# Titanic Dataset Analysis

This analysis involves following process
1. Data Loading and Preprocessing
2. Naive Bayes Algorithm
3. K-Nearest Neighbors Algorithm
4. Evaluation and Accuracy Calculation

In [74]:
# importing libraries
import numpy as np
import pandas as pd
import matplotlib.pyplot as plt

In [75]:
# preparing the data by cleaning it and converting it into catagorical variables
def preprocess_data(df):
    # Drop unnecessary columns
    df = df.drop(['PassengerId', 'Name', 'Ticket', 'Cabin'], axis=1)
    
    # Convert categorical variables to numerical
    df['Sex'] = df['Sex'].map({'female': 0, 'male': 1})
    df['Embarked'] = df['Embarked'].map({'C': 0, 'Q': 1, 'S': 2})
    
    # Fill missing values with median or mode
    df['Age'].fillna(df['Age'].median(), inplace=True)
    df['Fare'].fillna(df['Fare'].median(), inplace=True)
    df['Embarked'].fillna(df['Embarked'].mode()[0], inplace=True)
    
    return df


In [76]:
def split_data(df, target_col=None):
    if target_col is not None:
        x = df.drop(target_col, axis=1).values
        y = df[target_col].values
        return x, y
    else:
        return df.values

In [77]:
def normalize_data(x_train, x_test):
    x_train_norm = (x_train - np.mean(x_train, axis=0)) / np.std(x_train, axis=0)
    x_test_norm = (x_test - np.mean(x_train, axis=0)) / np.std(x_train, axis=0)
    return x_train_norm, x_test_norm

In [78]:
def prior_prob(y_train):
    p_survived = np.mean(y_train)
    p_not_survived = 1 - p_survived
    return p_survived, p_not_survived

In [79]:
def calculate_likelihoods(x_train, y_train):
    likelihoods_survived = []
    likelihoods_not_survived = []

    for feature in range(x_train.shape[1]):
        survived_values = x_train[y_train == 1, feature]
        not_survived_values = x_train[y_train == 0, feature]
        likelihoods_survived.append({'mean': np.mean(survived_values), 'std': np.std(survived_values)})
        likelihoods_not_survived.append({'mean': np.mean(not_survived_values), 'std': np.std(not_survived_values)})
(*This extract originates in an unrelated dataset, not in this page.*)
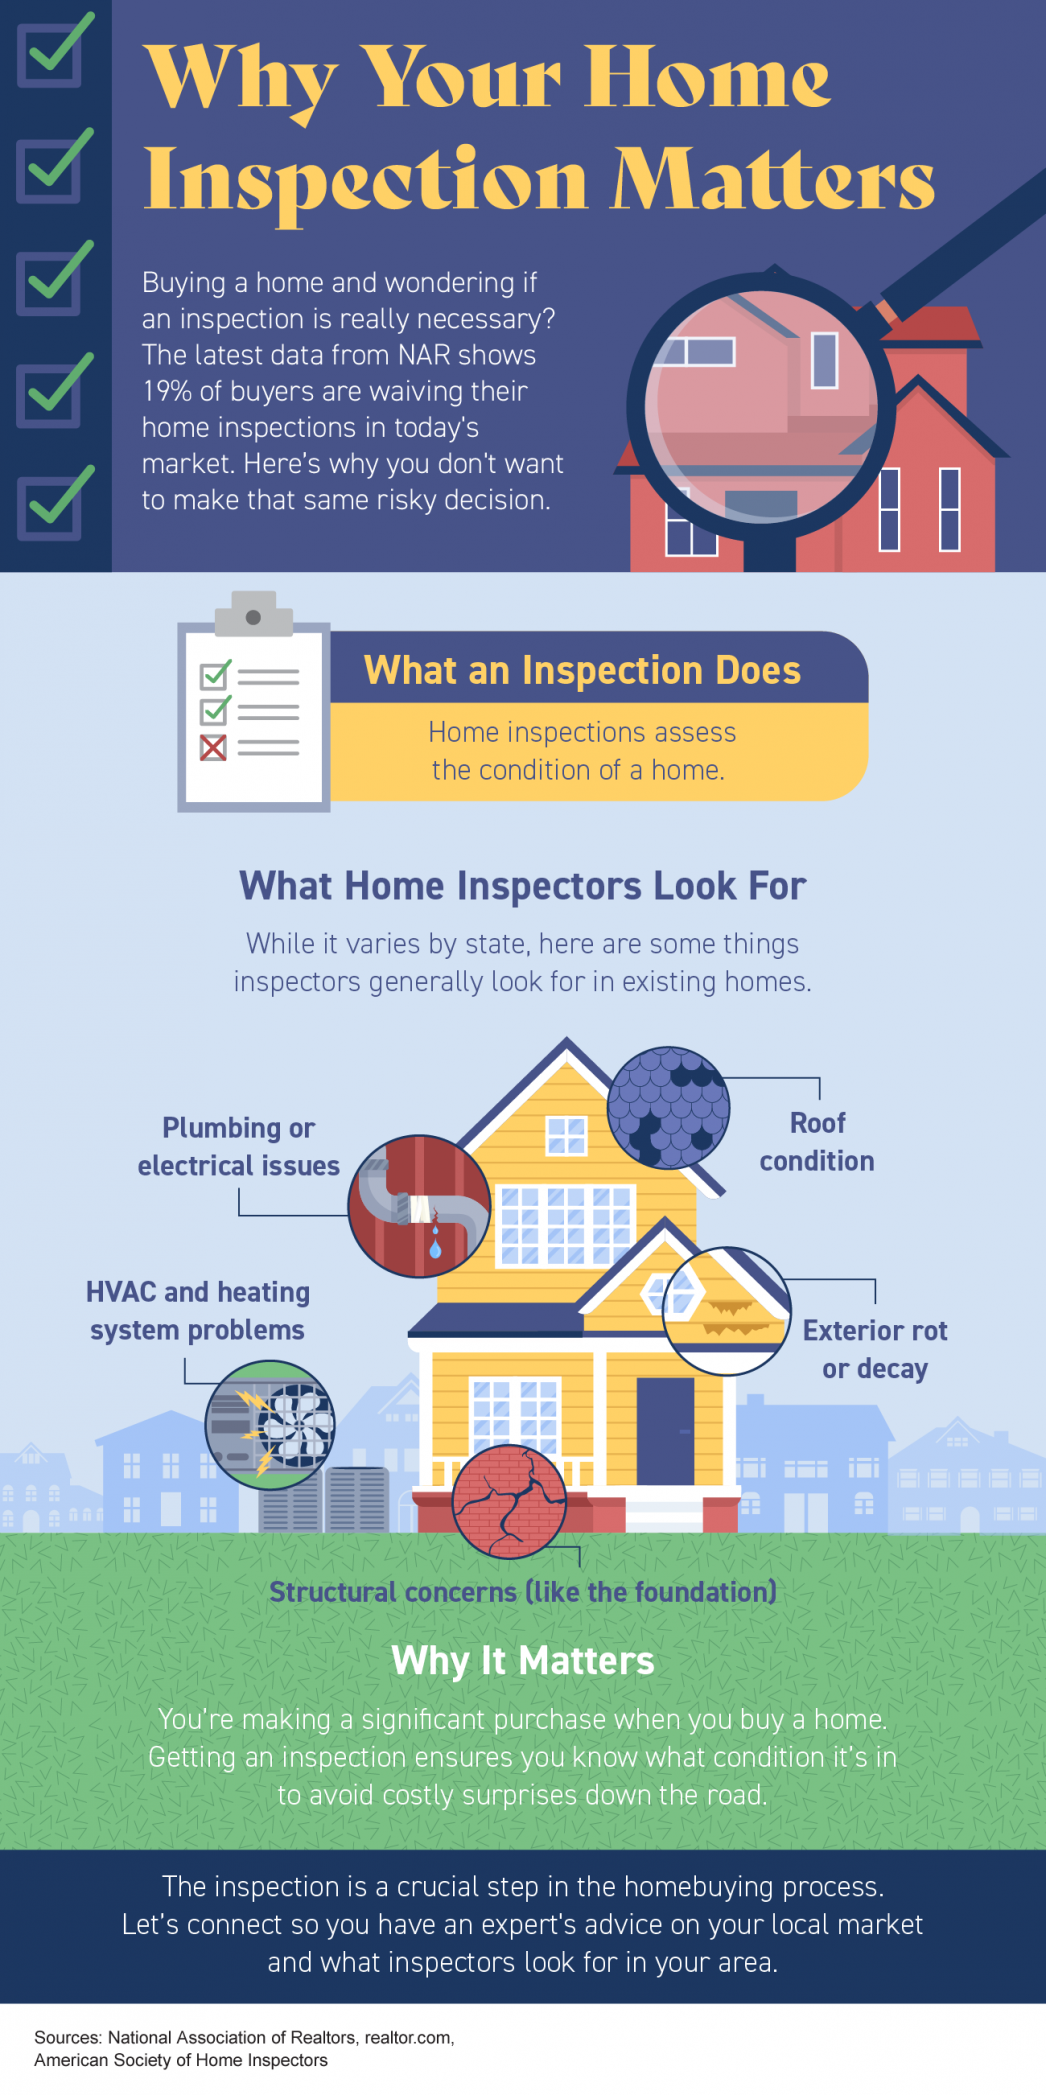 Why Your Home Inspection Matters

    return likelihoods_survived, likelihoods_not_survived

In [80]:
# Naive bayes Algorithm
def predict_naive_bayes(x_test, p_survived, p_not_survived, likelihoods_survived, likelihoods_not_survived):
    predictions = []

    for test_sample in x_test:
        p_survived_sample = p_survived
        p_not_survived_sample = p_not_survived

        for feature in range(len(test_sample)):
            p_survived_feature = calculate_probability(test_sample[feature], likelihoods_survived[feature])
            p_not_survived_feature = calculate_probability(test_sample[feature], likelihoods_not_survived[feature])
            
            p_survived_sample *= p_survived_feature
            p_not_survived_sample *= p_not_survived_feature

        if p_survived_sample >= p_not_survived_sample:
            predictions.append(1)
        else:
            predictions.append(0)

    return np.array(predictions)

In [81]:
def calculate_probability(x, likelihood):
    exponent = np.exp(-((x - likelihood['mean']) ** 2) / (2 * likelihood['std'] ** 2))
    probability = (1 / (np.sqrt(2 * np.pi) * likelihood['std'])) * exponent
    return probability


In [82]:
# K-Nearest Neighbors Algorithm
def knn_algo(x_train, y_train, x_test, k):
    predictions = []

    for test_sample in x_test:
        distances = np.sqrt(np.sum((x_train - test_sample) ** 2, axis=1))
        nearest_indices = np.argsort(distances)[:k]
        nearest_labels = y_train[nearest_indices]
        unique_labels, counts = np.unique(nearest_labels, return_counts=True)
        predicted_label = unique_labels[np.argmax(counts)]
        predictions.append(predicted_label)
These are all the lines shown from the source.